A. Architecture cellulaire des différents modèles

1. Evolution de la cytoarchitecture durant le développement postnatal

Au cours de l’étude menée durant le développement postnatal, il a clairement été montré que l’architecture cellulaire du cardiomyocyte subit de profonds remaniements dès les

premiers jours de vie des souris. Ces modifications majeures de la structure de la cellule cardiaque sont, au même titre que les processus d’hyperplasie et d’hypertrophie, des éléments essentiels de la réponse du cœur pour augmenter son efficacité face au constant accroissement de la demande énergétique de l’organisme en croissance. La période comprise entre 3 et 7 jours après la naissance apparaît comme étant l’étape la plus importante de la mise en place de l’architecture cellulaire. Elle permet en effet à la cellule cardiaque de passer d’un état structurel relativement anarchique, où les mitochondries sont aléatoirement dispersées dans le cytoplasme, à une organisation réticulaire de l’ensemble des organites ressemblant très fortement à la disposition stricte des organelles du cardiomyocyte adulte observée lors de l’étude et également décrite par T. Ogata (Ogata & Yamasaki, 1985). De plus, la part cytoplasmique libre caractéristique des cardiomyocytes néonataux (Muhlfeld et al., 2006) décroît fortement après 3 jours, suggérant une densification des structures internes et notamment une augmentation importante de la densité des myofilaments qui permet un accroissement de la force développée par les fibres cardiaques (Reiser et al., 1994 ; Siedner et

al., 2003).

De manière intéressante, il semble exister une concordance parfaite entre la mise en place de l’architecture et l’étape de transition entre la phase hyperplasique et la phase hypertrophique de la croissance cardiaque qui commence environ 4 jours après la naissance des souriceaux (Leu et al., 2001). Il est à noter qu’au-delà du simple établissement, visible par microscopie, de la cytoarchitecture du cardiomyocyte en cours de maturation, cette période, durant laquelle hyperplasie et hypertrophie coexistent, est également marquée par l’apparition de l’intervention du RS dans la contraction de la cellule cardiaque qui jusque là dépendait essentiellement du flux calcique transarcolemmal (Tanaka et al., 1998 ; Schroder et al., 2006). Ceci est le reflet d’une réelle complexification de la structure interne du cardiomyocyte, atteignant son paroxysme avec la formation de tubules transverses aux alentours du quinzième jour après la naissance (Ziman et al., 2009), qui dès lors nécessite un système calcique suffisamment efficace pour accéder à l’ensemble des myofibrilles. De manière générale, l’apparition d’un couplage excitation-contraction mature est révélatrice de l’exigence organisationnelle requise par la structure de plus en plus complexe de la cellule cardiaque en maturation qui, à partir d’un certain degré structurel, ne peut plus se contenter de simples mécanismes de diffusion.

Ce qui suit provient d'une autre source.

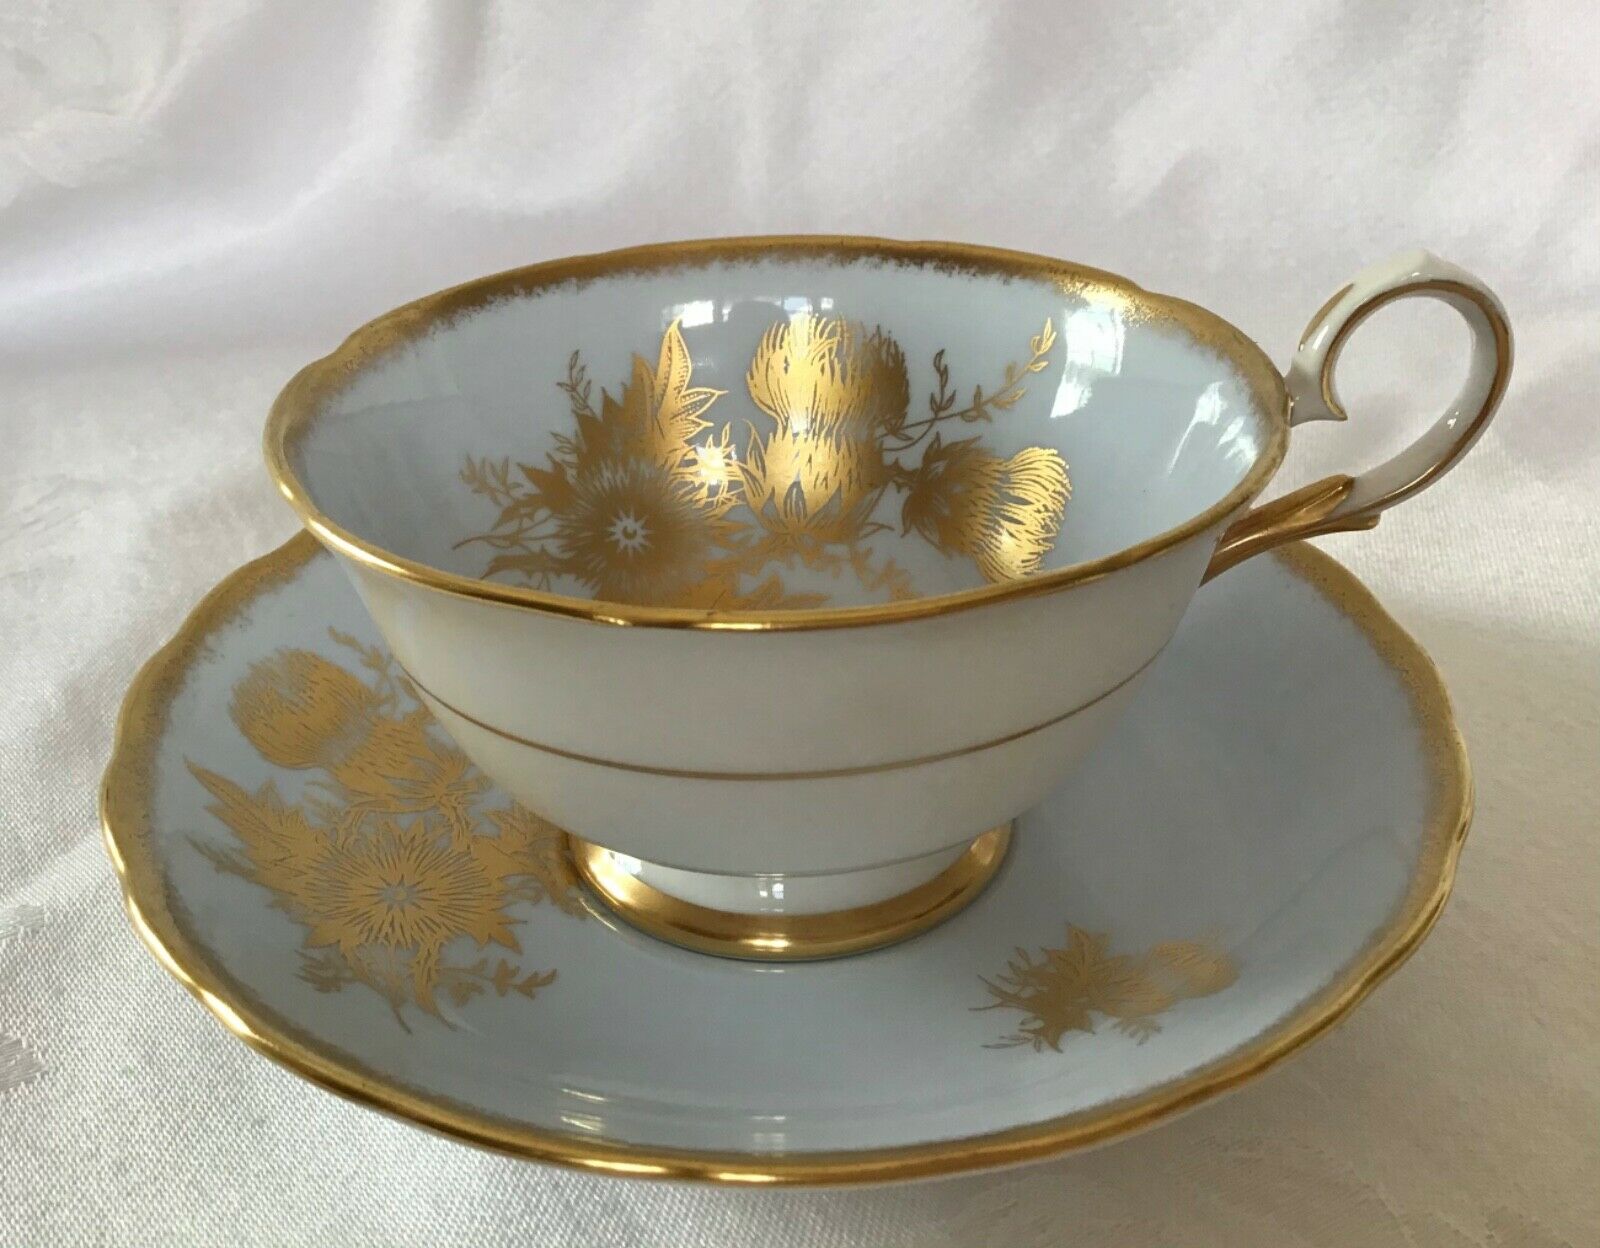 Tuscan Fine Bone China Tea Cup And Saucer, Pale Blue With Gold Thistle

-Discussion générale et conclusions-

Il semblerait que la période d’hyperplasie soit le théâtre de l’acquisition des caractéristiques physiologiques adultes par le jeune cardiomyocyte. Il en deviendrait alors presque évident qu’il y ait une synchronisation parfaite de la transition entre les deux types de croissance avec la mise en place de l’architecture cellulaire. S’il est en effet parfaitement concevable que la cellule pseudo-organisée du cœur néonatal puisse se diviser de façon à augmenter la masse musculaire cardiaque en début de vie postnatale, ce processus paraît plus difficilement envisageable pour une cellule ayant déjà acquis une architecture cellulaire présentant la complexité du cardiomyocyte adulte. Il est donc imaginable que, comme le suggèrent deux précédentes études (Li et al., 1997a ; Li et al., 1997 b), la densification des structures internes du cardiomyocyte soit la composante majeure qui conduirait à l’arrêt de l’hyperplasie pour passer à une croissance cardiaque strictement hypertrophique. Cette phase d’hypertrophie n’aurait alors pour rôle que d’augmenter la densité de myofilaments, et la quantité de mitochondries, sans pour autant modifier l’arrangement spatial des organites ; ceci expliquerait parfaitement le profil très similaire de l’architecture cellulaire des cardiomyocytes des souris de 7, 21 et 63 jours observés durant l’étude. Pour aller plus loin et s’assurer de ce rôle de premier plan que pourrait jouer l’architecture dans cette étape de transition, il serait intéressant d’étudier conjointement ces deux phénomènes dans plusieurs espèces présentant des différences dans la chronologie des processus hyperplasiques et hypertrophiques de la croissance cardiaque.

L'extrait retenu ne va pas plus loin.